Where we do get (explicitly) hypothetical is when it comes to things like adversarial attacks on imaging systems. I don’t think these are that realistic today, because I can’t find examples of insurance companies or regulators using computer vision algorithms for approvals yet. But in fairness, the first FDA approval for a CV algorithm just happened in 2018 and many more are on the way. Once CV is established as “legit” I think it’s likely that we’ll see them get more integrated into such decisions. But we aren’t there yet. Of course, even when we do get there, the adversarial imaging threat model also requires users to feel comfortable sending in adversarial attacks but not straight up fake images from other patients. But I think that there are technical and – probably moreso – legal and moral reasons why physicians/companies would hesitate to send in overtly fraudulent images to a diagnostic algorithm at an insurance/regulatory body. In contrast, I think that many would be comfortable doing more subtle things like rotations/scalings or even just cherry-picking images that give them the best shot from the many images that are often acquired per patient. According to the recently published Rules of the Game, this type of behavior “counts” as adversarial attacks according at least to many in the field. To boot, doing this effectively (and surely being robust to it) could entail advanced software even if the modifications themselves are simple. In other words, I continue to think that robustness/adversarial attacks researchers should take healthcare seriously as an area of application.

“Adversarial attacks” sounds scary. Do you think people will use these as tools to hurt people by hacking diagnostics, etc?

While this is may be possible in certain circumstances in theory, I don’t think it’s particularly likely. By analogy, pacemaker hacks have been around for more than a decade, but I don’t see many people feeling motivated to execute them.

Are you hoping to stall the development of medical ML because of adversarial attacks?

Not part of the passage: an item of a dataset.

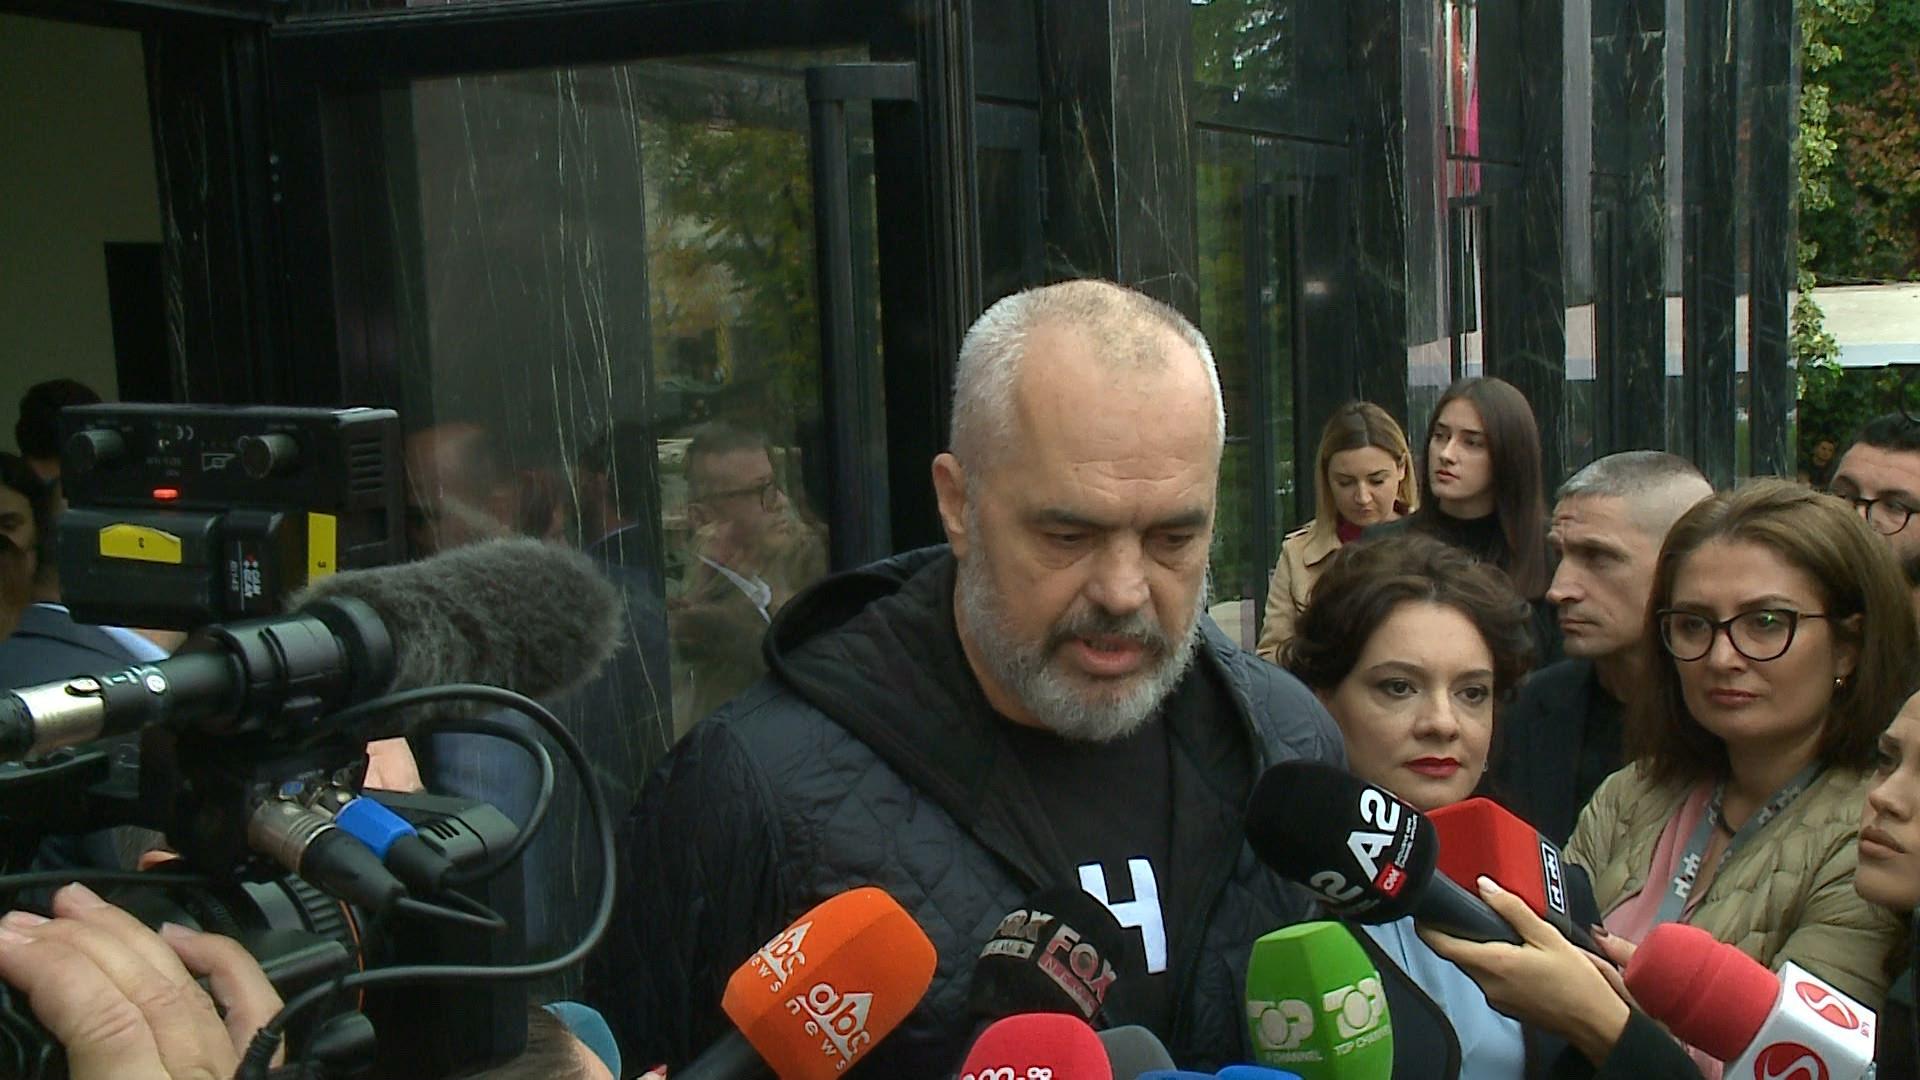 Rama: Në 25 nëntor nis një luftë e panjohur në Shqipëri ndaj KÇK-së
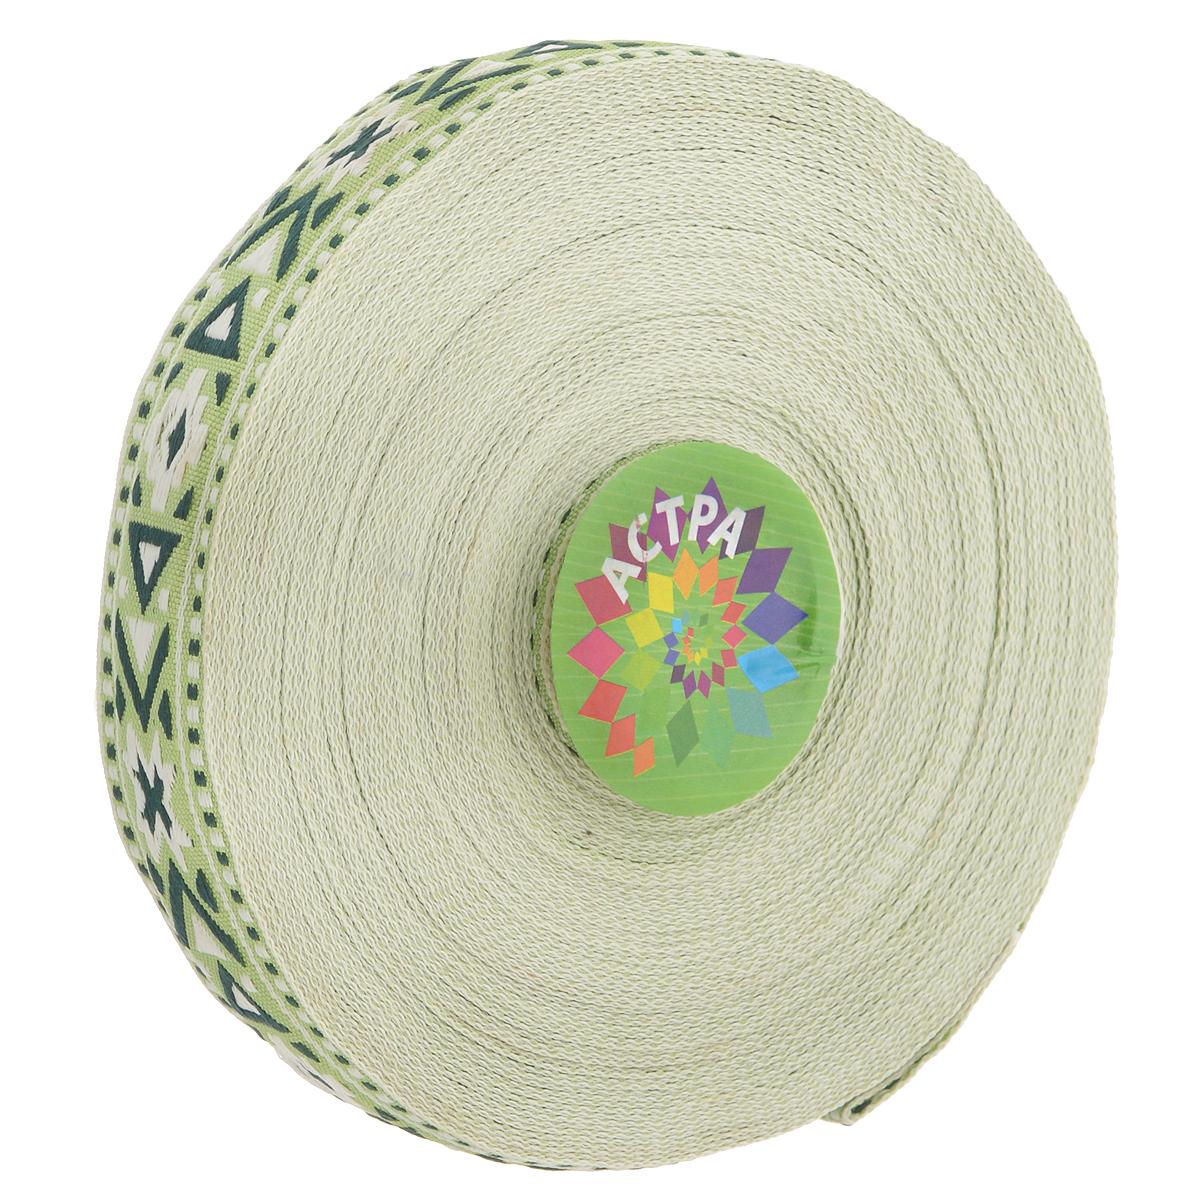 Тесьма декоративная Астра, цвет: зеленый (2), ширина 2 см, длина 16,4 м. 7703269 тесьма декоративная астра ширина 4 см длина 16 4 м

Nope! Every author on this paper is very bullish on machine learning as a way to achieve positive impact in all aspects of the healthcare system. We explicitly state this in the paper, as well as the fact that we don’t think these concerns should slow things down, just be a part of an ongoing conversation.

Small note on the figure

As will be immediately recognized by anyone familiar with adversarial examples, the design for the top part of Figure 1 was inspired by Figure 1 in Goodfellow et al – though the noise itself was generated using a different attack method (the PGD) and applied to different data. As it stands, the figure in our Science paper points to our preprint for details of how the attack was generated, and Goodfellow et al paper is cited in the preprint. However, the Science paper itself doesn’t explicitly credit Goodfellow et al for the design idea. This wasn’t intentional. I pointed this out to the Science team, which decided against updating with a citation since the paper is cited via the preprint and all the actual content in the figure are either original or CC0. But I still feel bad about this. Sorry!